Obtaining the board, I tried it out in my system. I was able to map in 4 KB blocks of memory and test them. They all worked. I might use the additional memory as part of a virtual disk drive.Β
In 1994, I moved, and the entire system was stored away for over 25 years. Looking at it recently, I found it needed repair. Over the years, the backup battery failed and leaked electrolyte on the board and motherboard. Several Molex connectors are damaged, and need to be replaced. Some of the components show signs of corrosion from the battery electrolyte.Β
I removed the failed battery. I do hope the rest of the board still works once the repairs are complete. Perhaps I'll fix it in my retirement.

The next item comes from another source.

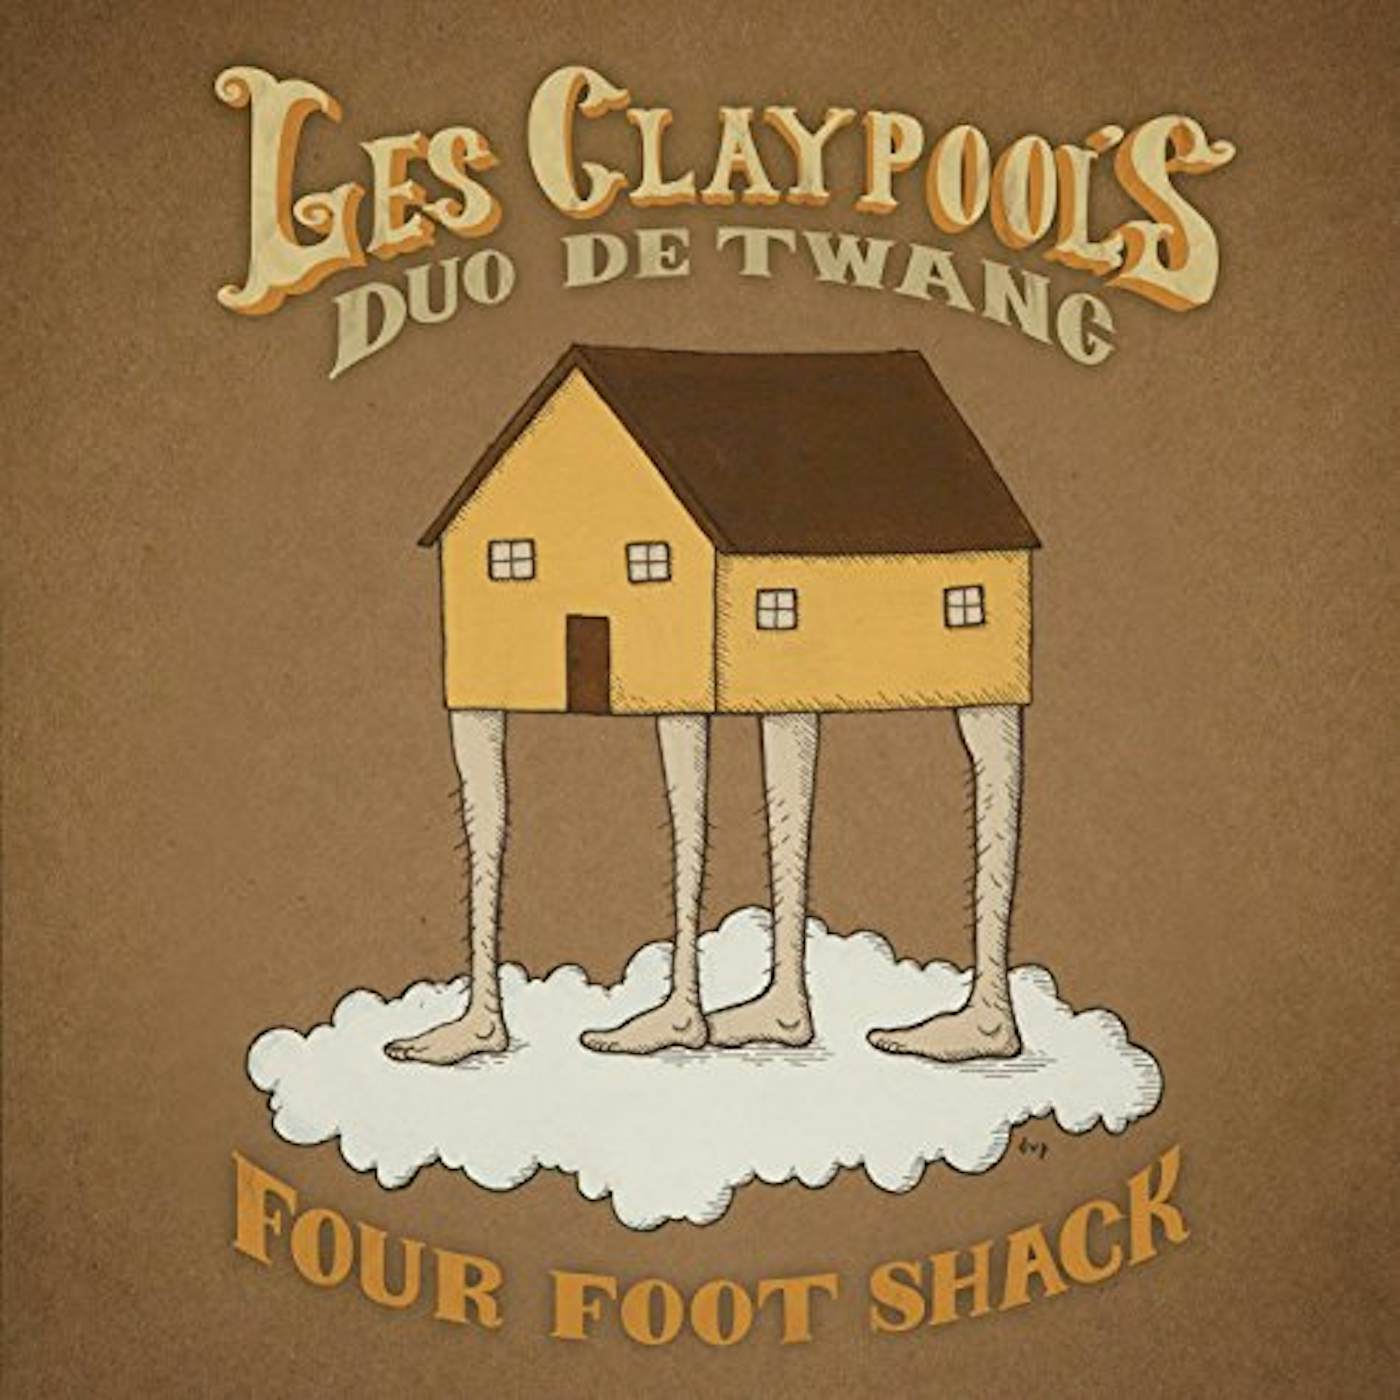 Les Claypool's Duo De Twang FOUR FOOT SHACK (GOLD NUGGET VINYL/2LP) Vinyl Record

By March 1988, the MC6809E V1 cardΒ I designed in 1983 needed updates. I built an entirely new card with new features intended to run OS-9 more effectively.Β
CPU
A MC6809 chip simplified things with the on-chip clock oscillator. The chip handled M.RDY without extra logic, and the rising edge of the Q clock did not need delay.
Memory
The MC6809E V1 card had no on-board RAM. There wasn't room. By 1988, a number of manufacturers had 32 KB static RAMs in 28-pin packages. 64 KB of memory is realized with a couple of chips.Β
For the V2 board, I allowed for eight chips, totaling 256 KB of memory. This was a good compromise between cost and the space available. The memory is logically separate from the rest of the card -- decoding from the physical address and data bus, using appropriate buffers. In this way, the memory can be accessed by a bus master other than the CPU. It responds to physical addresses C0000-FDFFF or FEFFF, jumper selectable. For years, it held two chips -- 64 KB on the board -- with only 56 KB accessible. The six remaining chips were added recently, making 248 KB or 252 KB accessible.Β
Buffering
20-pin bus driver chips reduced the chip count, even with two sets of bus drivers, one for the CPU, and one for the memory array.
Program ROM
The design allows for a much larger ROM. The MC6809E V1 card originally had two 2KB 2716-compatible sockets -- one for a ROM and another for ROM or RAM. To make swapping OS-9 and BBUG easier, I changed this to a single 4 KB 2732-compatible ROM socket
For the MC6809 V2 board, the ROM can be a 2764, 27128 or 27256-compatible device, holding 8 KB, 16 KB or 32 KB, respectively. The larger ROM permitted more OS-9 modules to reside there, if desired.Β
As built, a 2764-compatible EPROM is used, containing a BBUG image in one 4 KB half, and the OS-9 ROM image in the other 4 KB half. A jumper selects which half is active. This is much easier than swapping chips to go between BBUG and OS-9.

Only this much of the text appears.